## EXERCISE REQUIREMENTS
Using the data below, reproduce exactly the lines from the line with "Zarobił 1 mln" to the line with "Thiết kế nhà", both included; pictures must be dropped.

## EXERCISE MATERIALS

******

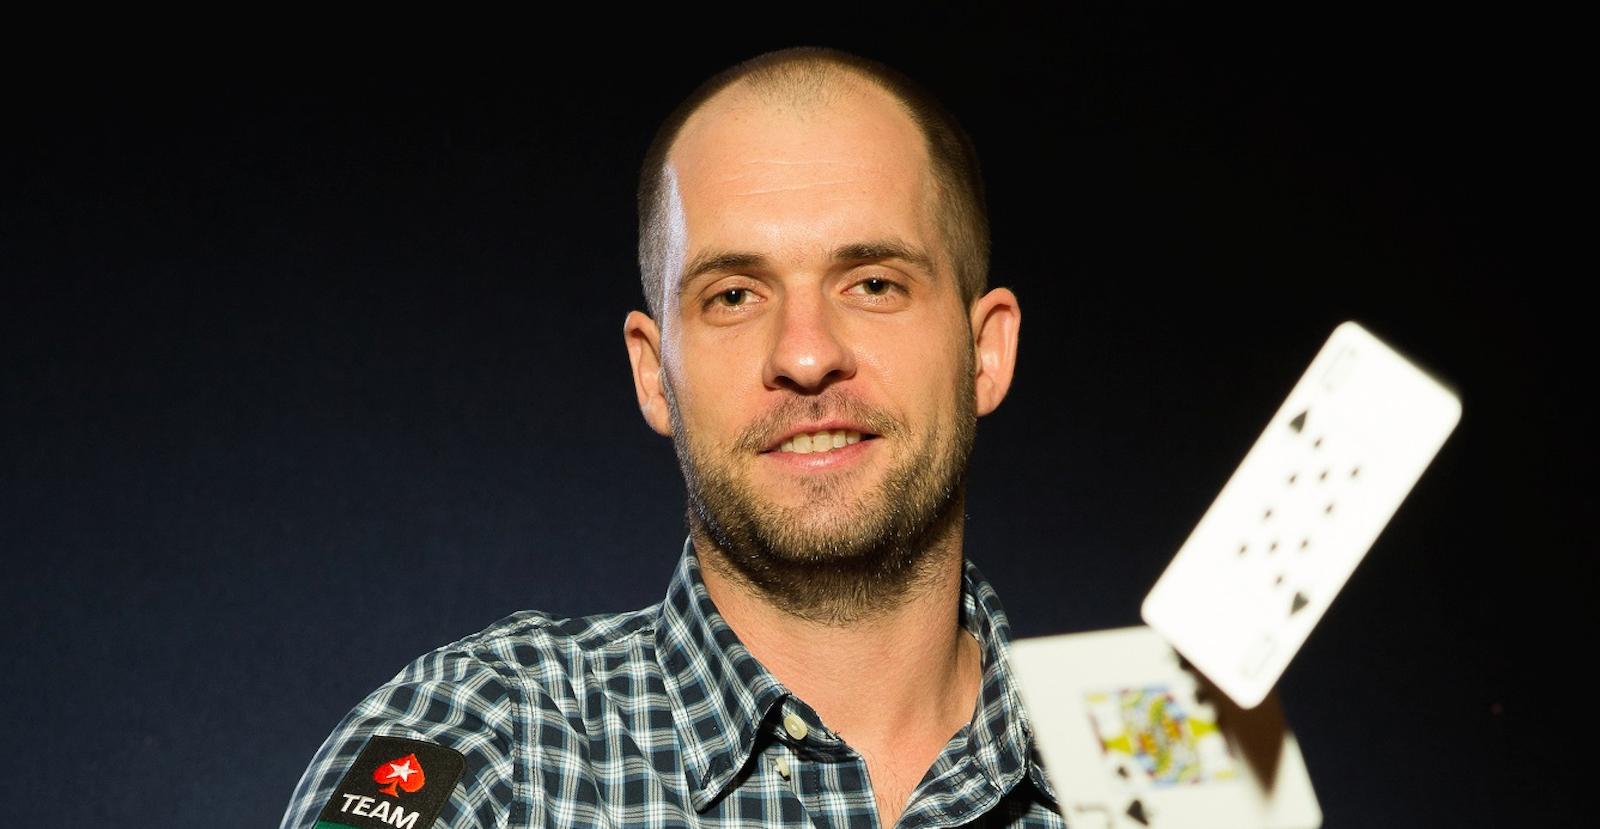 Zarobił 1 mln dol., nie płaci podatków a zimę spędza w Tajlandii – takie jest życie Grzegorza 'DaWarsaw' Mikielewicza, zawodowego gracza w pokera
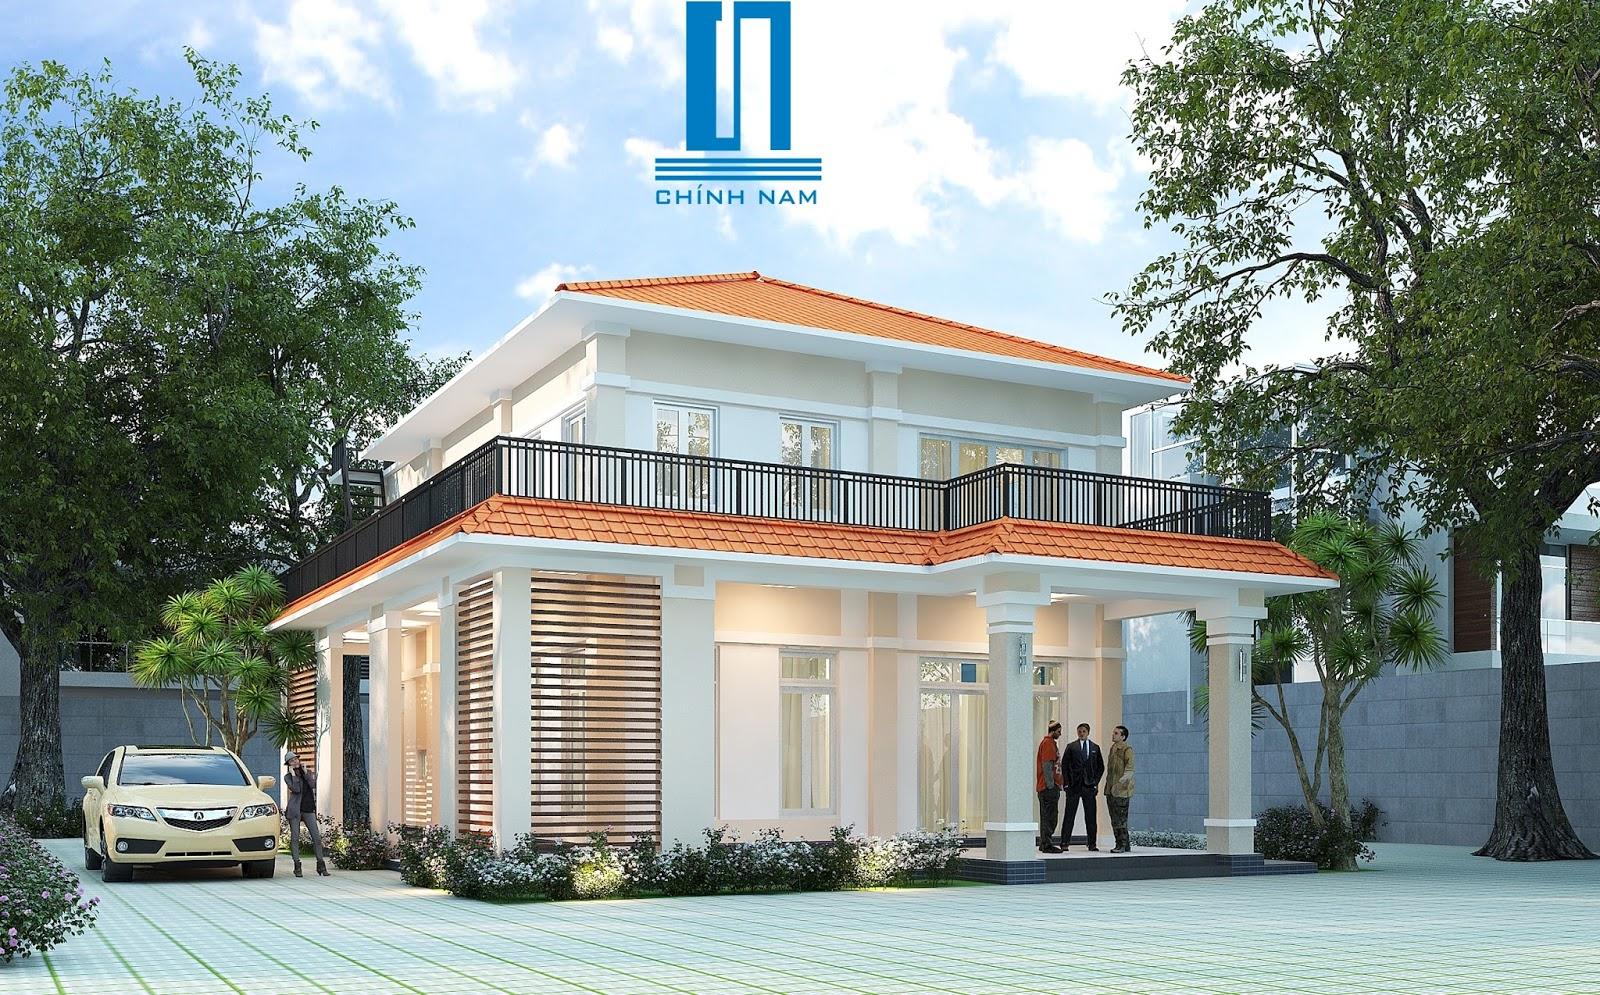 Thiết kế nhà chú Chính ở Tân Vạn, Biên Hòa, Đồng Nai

******

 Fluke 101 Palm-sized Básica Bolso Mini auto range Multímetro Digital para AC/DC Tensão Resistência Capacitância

******

## YOUR SOLUTION
 Zarobił 1 mln dol., nie płaci podatków a zimę spędza w Tajlandii – takie jest życie Grzegorza 'DaWarsaw' Mikielewicza, zawodowego gracza w pokera
 Thiết kế nhà chú Chính ở Tân Vạn, Biên Hòa, Đồng Nai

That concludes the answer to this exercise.